Nevertheless, Cost's claim he was factually innocent of the 2011 misdemeanor violations because his 1994 plea agreement precluded any registration duty implicates his right to due process. In essence, Cost claimed he should not be subject to ongoing criminal repercussions or interference with his liberty based on unfounded misdemeanor failure-to-register convictions. Presented with this due process claim, the trial court was entitled to treat Cost's motion as a challenge collaterally attacking the basis for those convictions. (See Thomas v. Department of Motor Vehicles (1970) 3 Cal.3d 335, 338 ["Since the attack upon petitioner's 1966 conviction is upon constitutional grounds, he could have sought to have the rendering court set the conviction aside at any time"].)
We remand for the trial court to consider and rule upon Cost's motion to vacate those convictions because, absent that determination, the trial court could not meaningfully review Cost's section 851.8 claim. Specifically, section 851.8 provides that before a court may order a defendant's arrest records purged, the defendant must show "that no reasonable cause exists to believe that the arrestee committed the offense for which the arrest was made." (§ 851.8, subd. (b).) Cost therefore moved to have both 2011 misdemeanor convictions vacated to support his section 851.8 claim. (See § 290.018, subd. (b) [authorizing felony charge after one prior misdemeanor failure to register].) So long as one of those convictions remained valid, an objectively reasonable basis would remain to believe Cost unlawfully failed to register at the time of his arrest in December 2012 because the DOJ had not yet removed his name from the sex offender registry. The DOJ did not in its letter specify Cost never had a duty to register, but only that he no longer did so going forward. It was therefore imperative for Cost to have both convictions vacated to show there was no basis for the felony charge, and consequently the trial court must address on remand Cost's challenge to those convictions.

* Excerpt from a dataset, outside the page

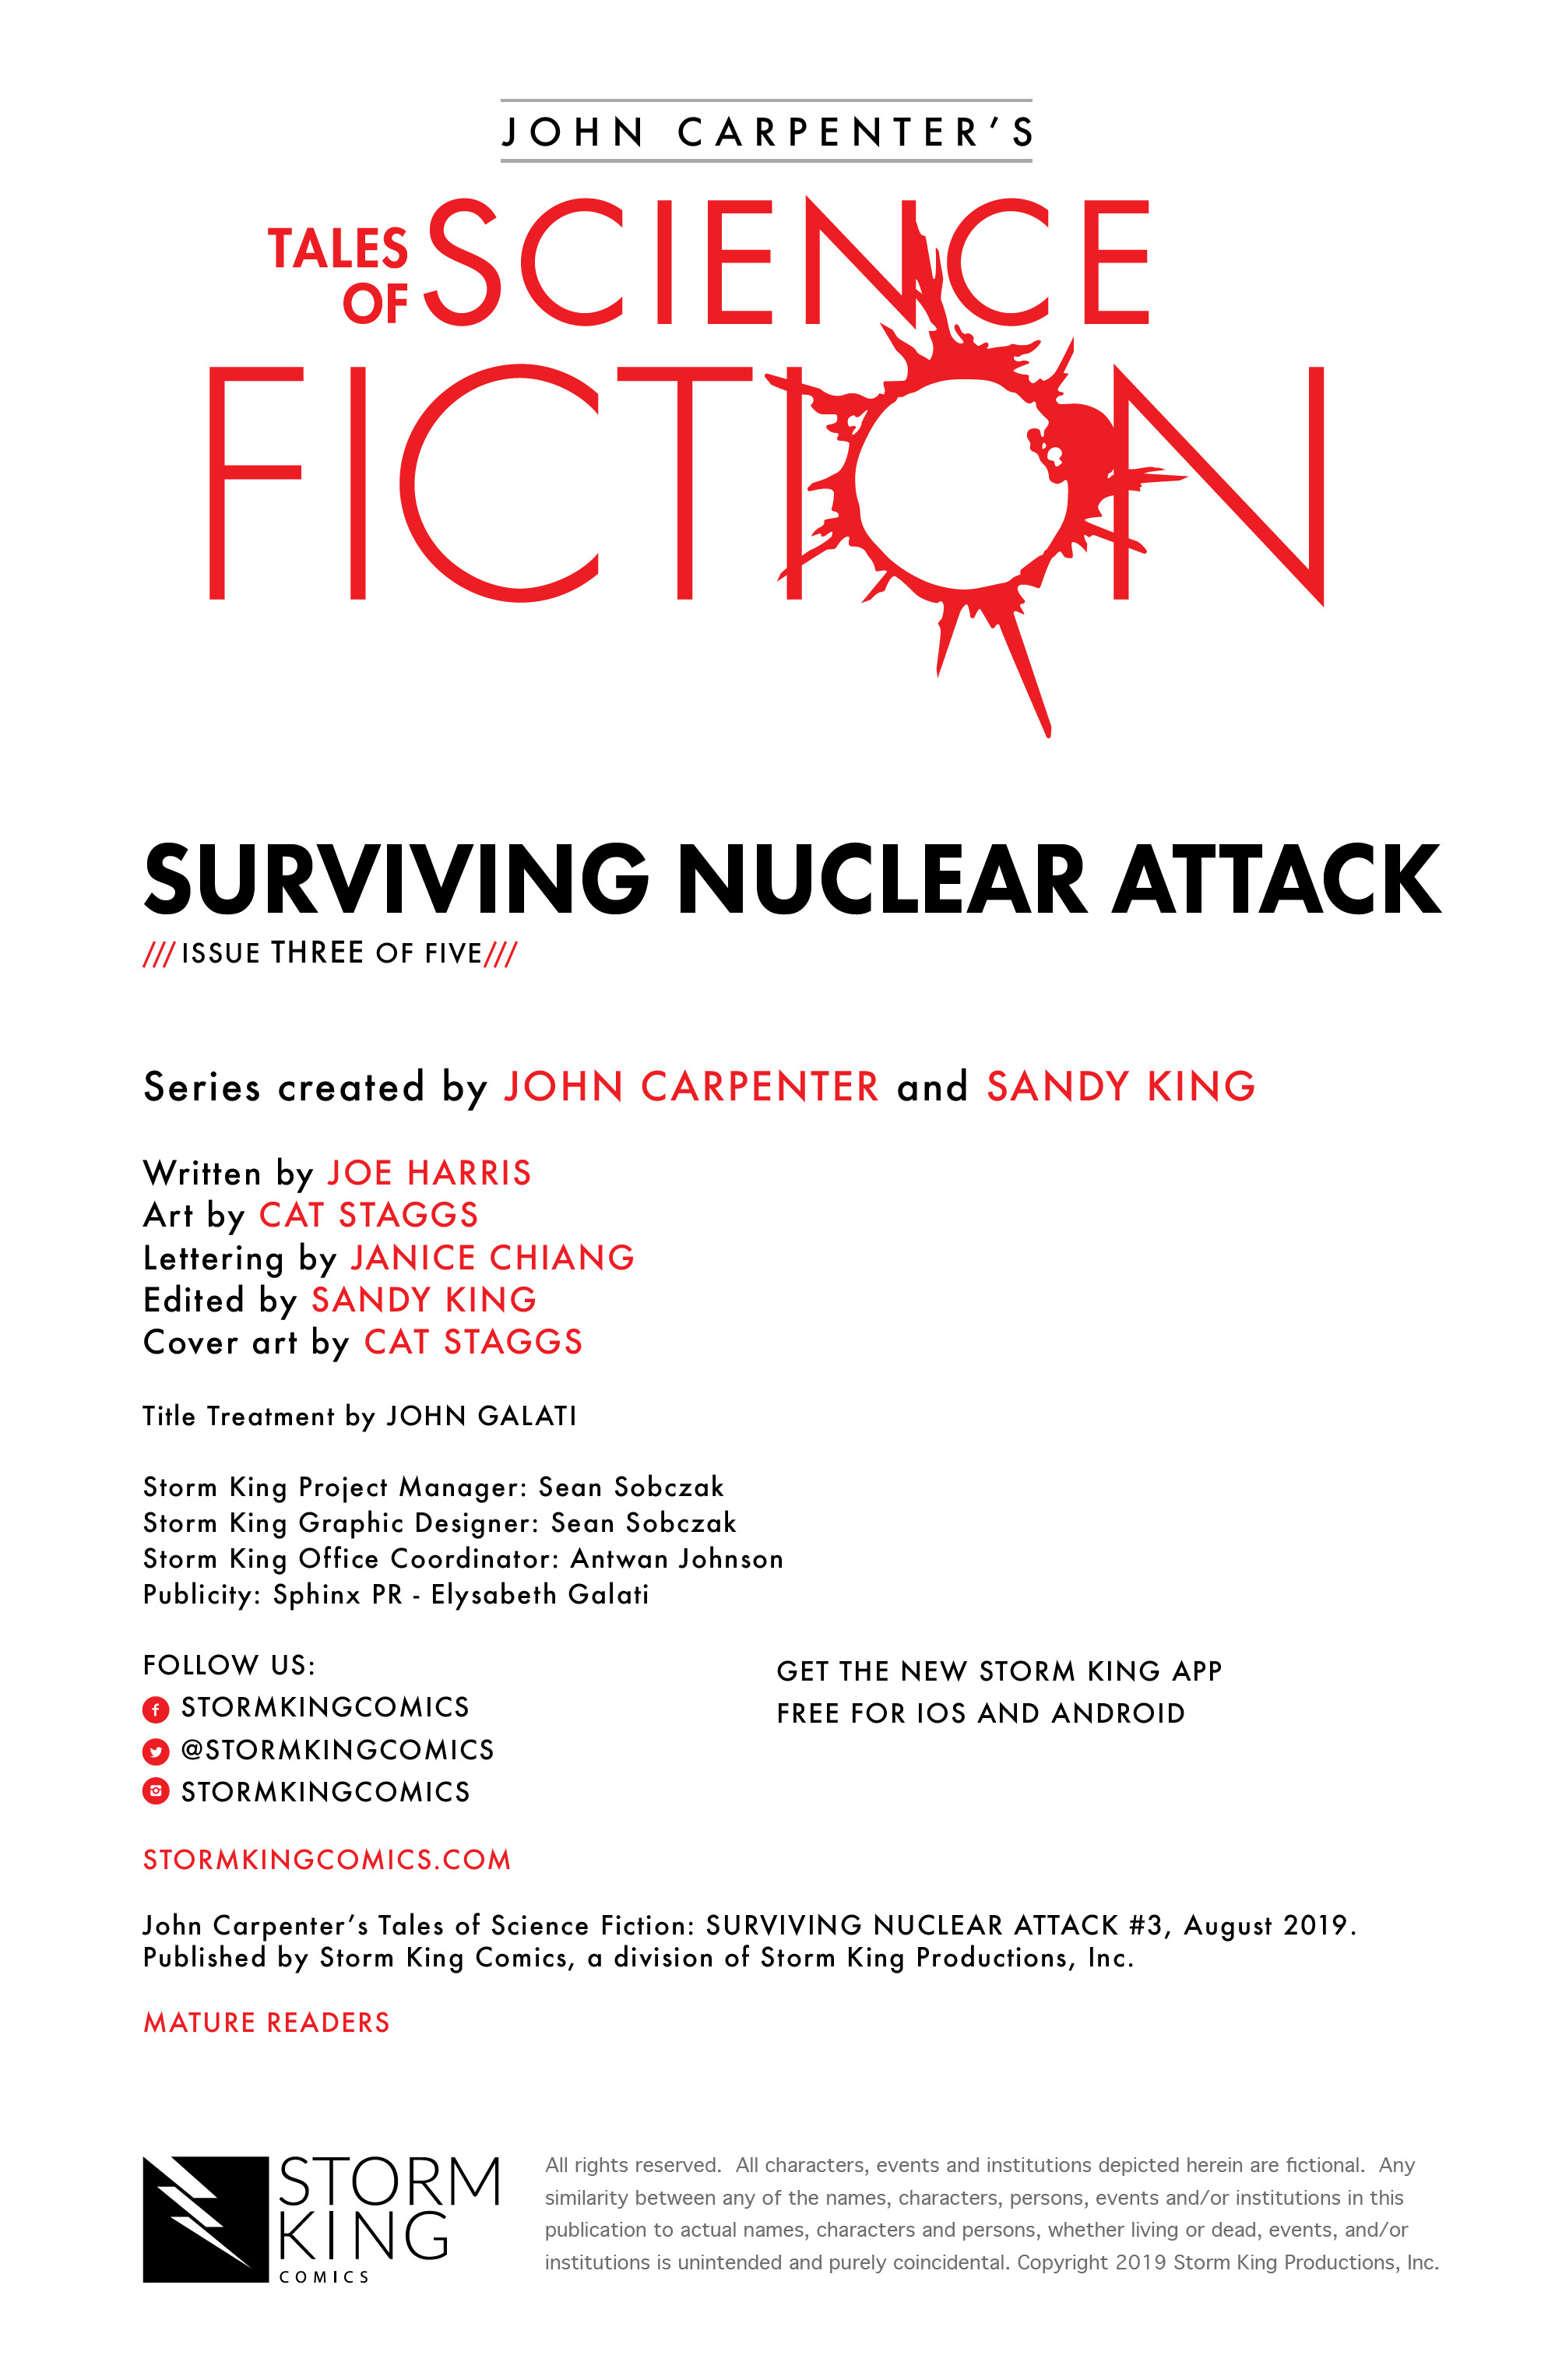 Read online John Carpenter's Tales of Science Fiction: Surviving Nuclear Attack comic -  Issue #3 - 2
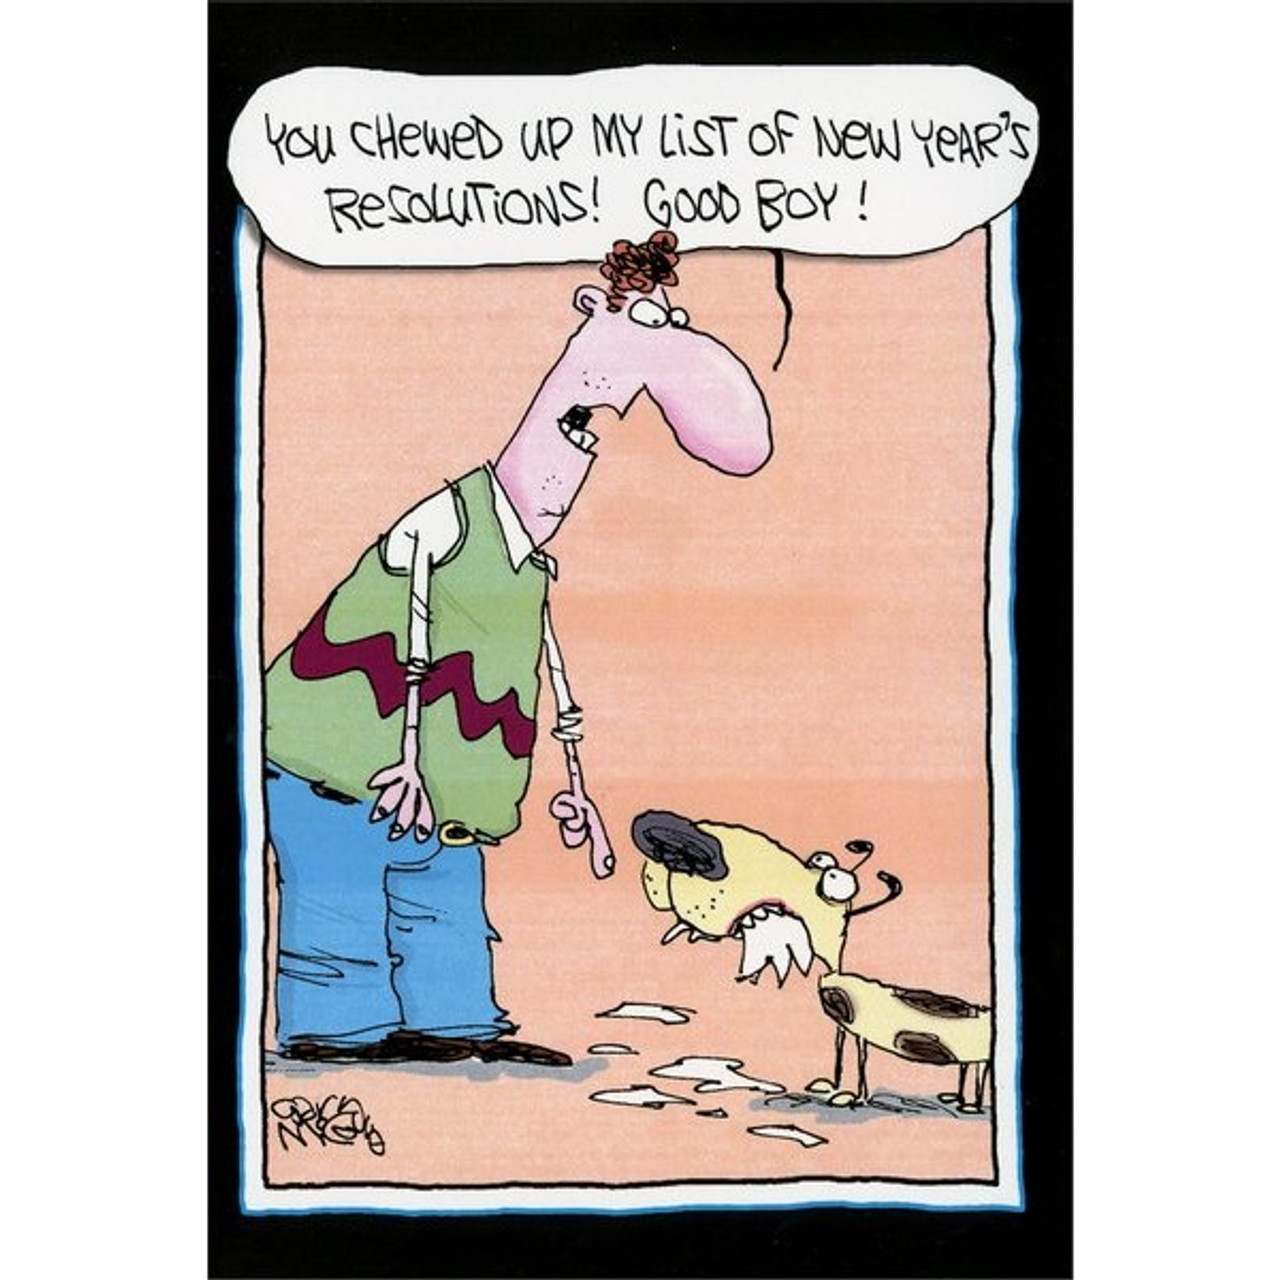 Chewed up Resolutions Funny / Humorous Dog New Year Card

In his appellate briefing, Cost makes additional requests for the first time on appeal. Acknowledging it was "not requested below," he "further requests that this Court make factual innocence findings in all of Cost's dismissed failure to register cases dating from the 1994 plea, including but not limited to Orange County Superior Court case numbers 05NMI0350, 09NM05596 and Riverside Superior Court case number RIFI0002210." Because of the factual findings necessary to grant relief under section 851.8, it would be inappropriate to reach these new issues and we therefore leave them for Cost to raise in the trial court on remand.
III
DISPOSITION
The postjudgment order is reversed and the matter is remanded for the trial court to consider and rule upon Cost's motion to vacate his 2011 misdemeanor convictions, and only then to rule upon his section 851.8 motion for a declaration of factual innocence on his felony arrest and to seal and destroy any record of that arrest.
ARONSON, ACTING P. J. WE CONCUR: FYBEL, J. THOMPSON, J.